Все ненадолго умолкали, вспоминая добрые старые времена, когда кровь кипела у них в жилах, и думая о той, еще более давней поре, о которой рассказывают предания. Из предшествующего поколения – все старики, из того, что следовало за ними, – молодежь, а поэтому собственное детство тоже казалось им частью той далекой, древней поры. Самому старшему из них не перевалило и за две трети века; что были они по сравнению с людьми, жившими век назад, или три века, или тысячу лет! Тысяча лет! Такое и представить трудно!
– Столько было этих конституций, что я со счету сбился, – говорил дон Эустакьо.
– Это все французские выдумки, – замечал священник. – Либерализм и революция – все идет оттуда, католицизм и свобода – наше, испанское…
– Главное – смирение, – несколько нерешительно вставлял дон Браулио.
– Интересная была бы жизнь, если бы все со всем мирились, если бы добрые люди гнули спину перед всякими проходимцами… На Бога надейся, да и сам не плошай. Мы, дон Браулио, все равно что псы, верные псы Господни…
Священник улыбнулся, а Педро Антонио подумал: "Где это он такое вычитал?" – и оба взглянули на Гамбелу.
– Собака лижет хозяйскую руку, которая ее бьет, а не палку… Надо сломать палку и припасть к руке Господа…
– Надо биться за правое, Божье дело, чтобы смягчить его гнев, – изрек священник, наконец-то сказавший то, что давно собирался сказать.
– Всем быть святыми – тоже негоже… – продолжал Гамбелу.
– Не говори глупостей!
– Святые нам не нужны!.. Абсолютисты – другое дело, абсолютисты – неуступчивые люди! Коли уж Бог открыл нам истину, не к лицу нам идти на уступки, лгать да изворачиваться… Повторяю: сегодня богатые правят за счет бедных, а должно быть наоборот – бедные за счет богатых…

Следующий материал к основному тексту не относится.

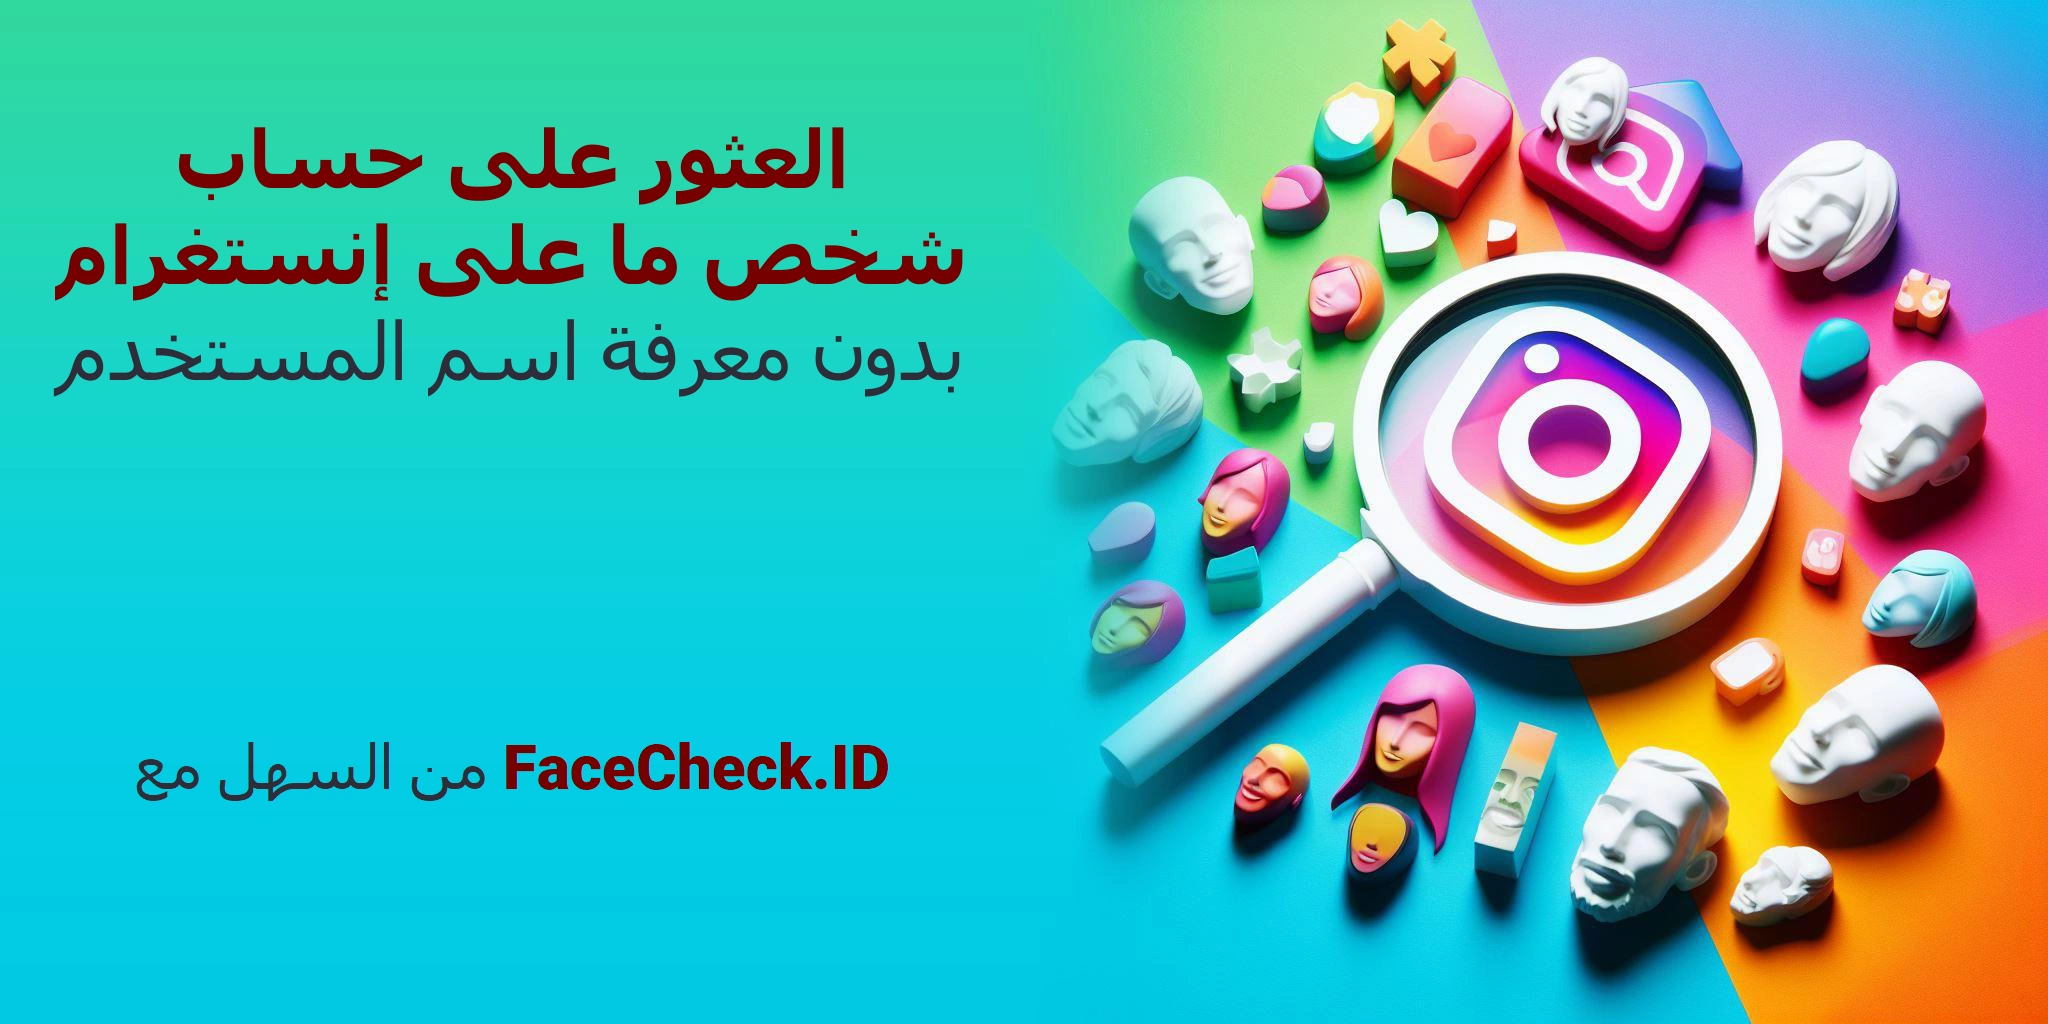 العثور على حساب شخص ما على إنستغرام بدون معرفة اسم المستخدم من السهل مع FaceCheck.ID
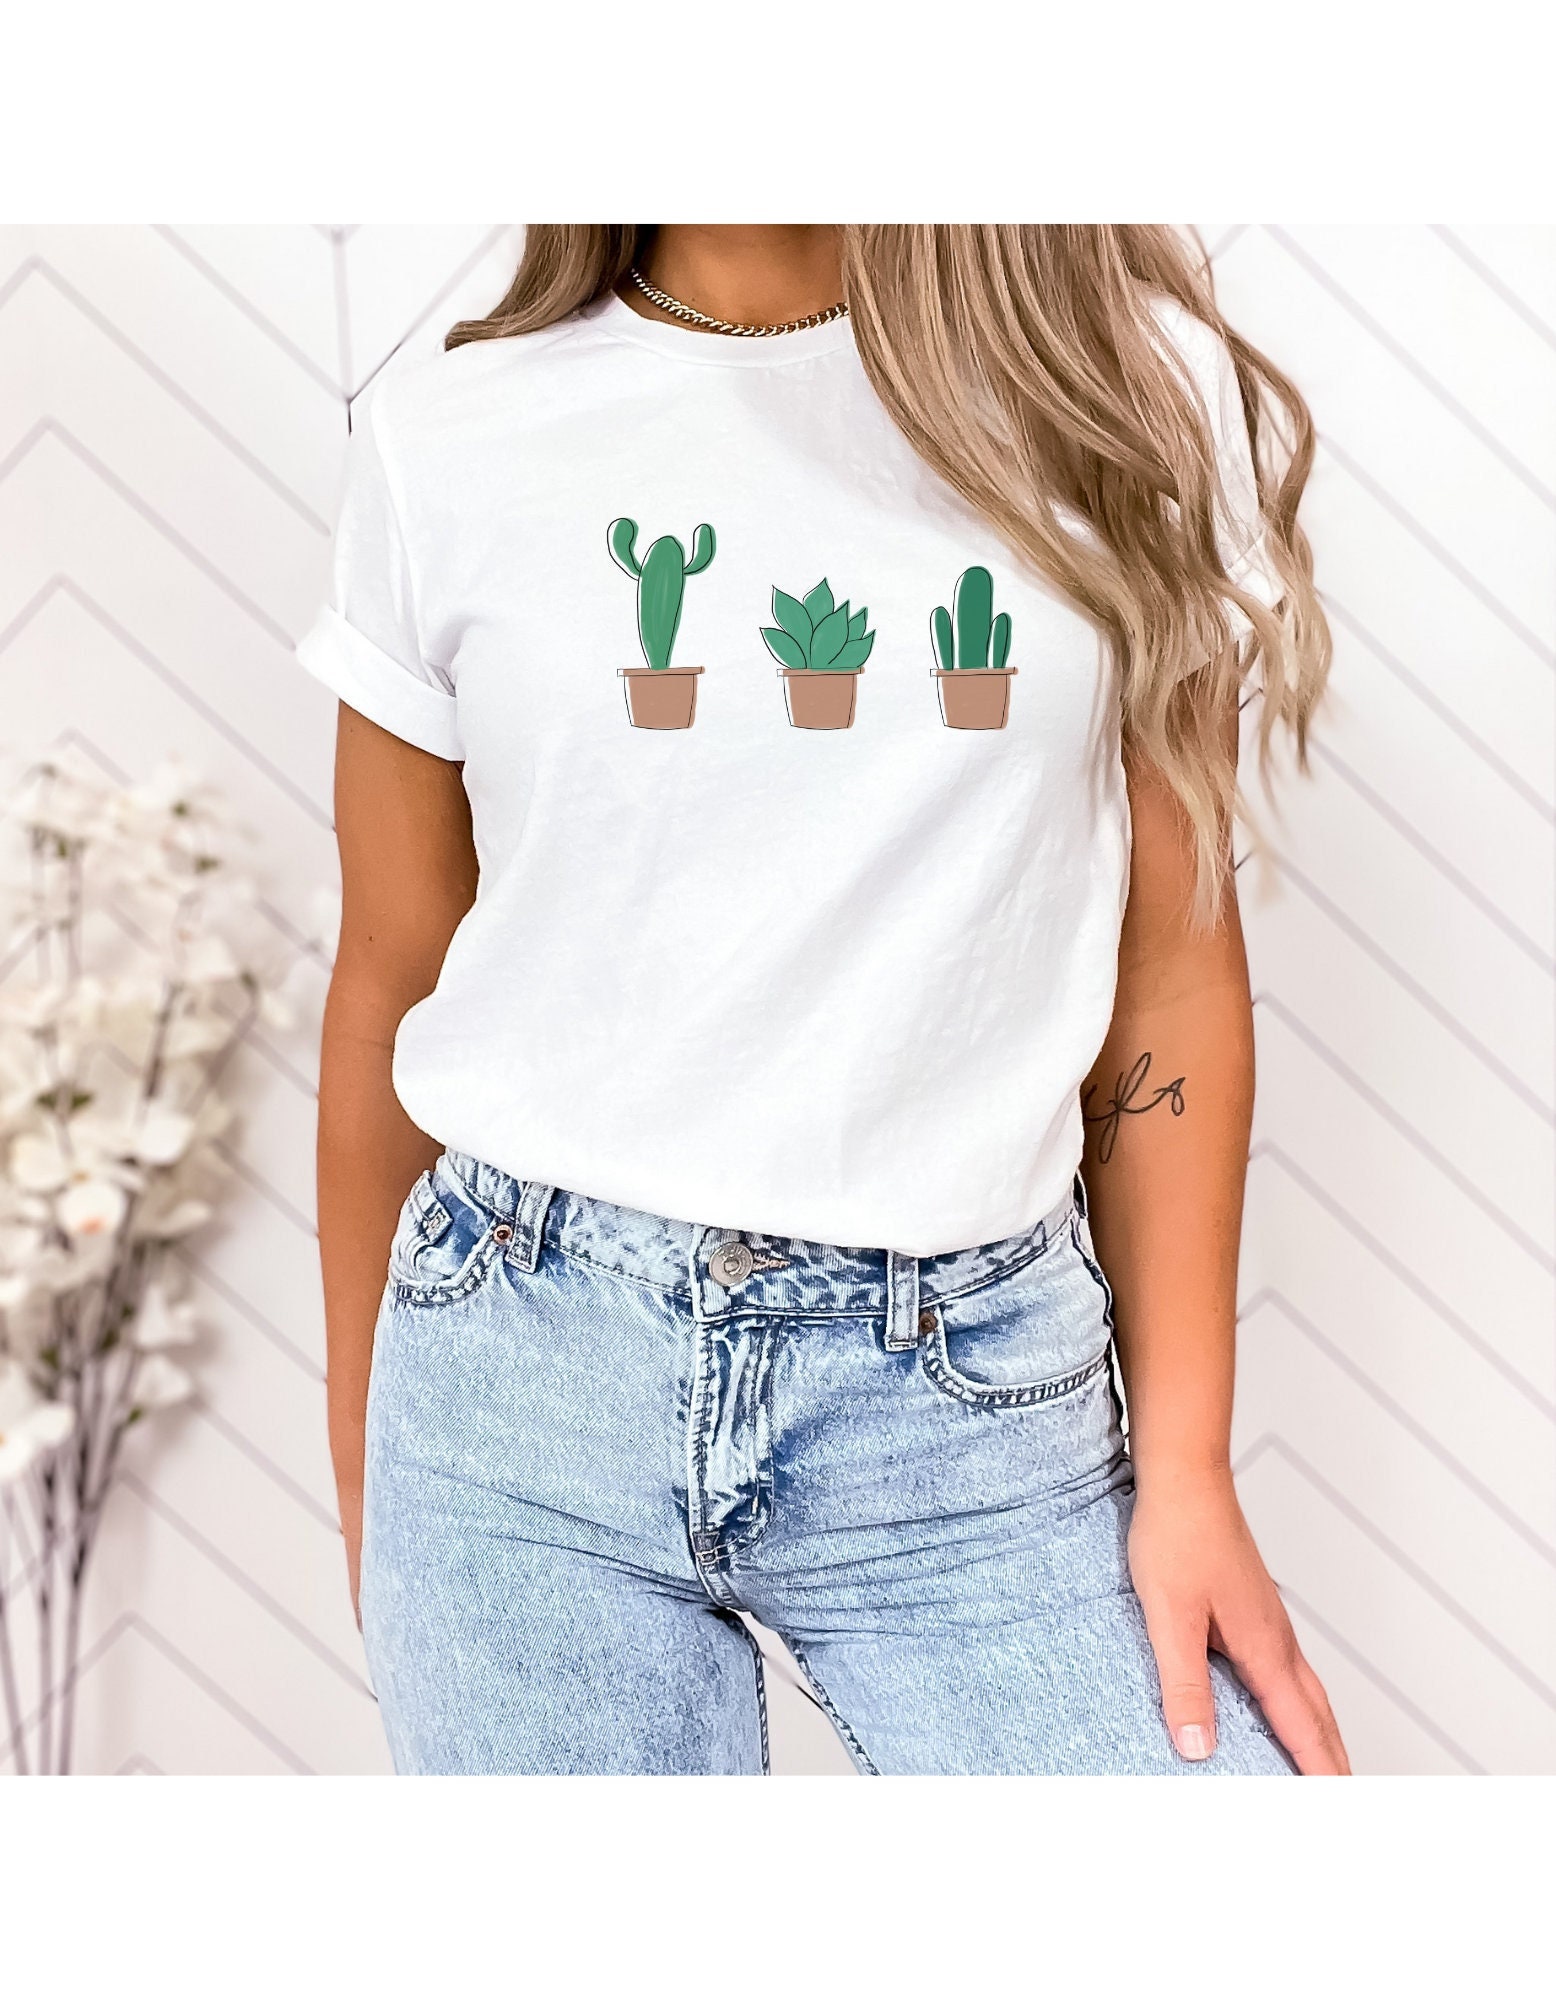 Cactus Unisex Aesthetic Patern Shirt - Etsy

Расходились поздно, устав слушать и без того не раз слышанные несуразности Гамбелу.
Селестино был в отчаянии.
С тех пор как в июле появилось письмо юного дона Карлоса к своему брату Альфонсу, а вместе с ним и ко всему испанскому народу, о нем только и говорили в клубе, причем большинство отзывалось довольно прохладно. Сколько Селестино расписывал своим товарищам возвышенность взглядов того, кто, желая быть королем всех испанцев, а не одной партии, и чтя установления, закреплявшие свершившееся, хотел уравнять баскские провинции с остальными провинциями страны и дать Испании свободу – дитя евангельских истин – вместо либерализма, порождения революции; он утверждал, что король должен править во имя народа, будучи сам человеком честным, заступником бедных и покровителем слабых. Но главное, он спасет от разорения казну, живя скромно, подобно Энрике Скорбящему, и ведя протекционистскую политику. Но слова Селестино падали в пустоту; большинство с подозрением относилось к тому, чтобы дать всем испанским провинциям такие же права, как баскским. Фуэросы для всех – значит фуэросы ни для кого, – таково было общее мнение. Распространить привилегию на всех – значит уничтожить все. Речь шла именно о фуэросах и религии, а не о реставрации монархии. Пусть дон Карлос закрепит за ними фуэросы и оставит басков в покое, а кастильцы пусть себе разбираются сами.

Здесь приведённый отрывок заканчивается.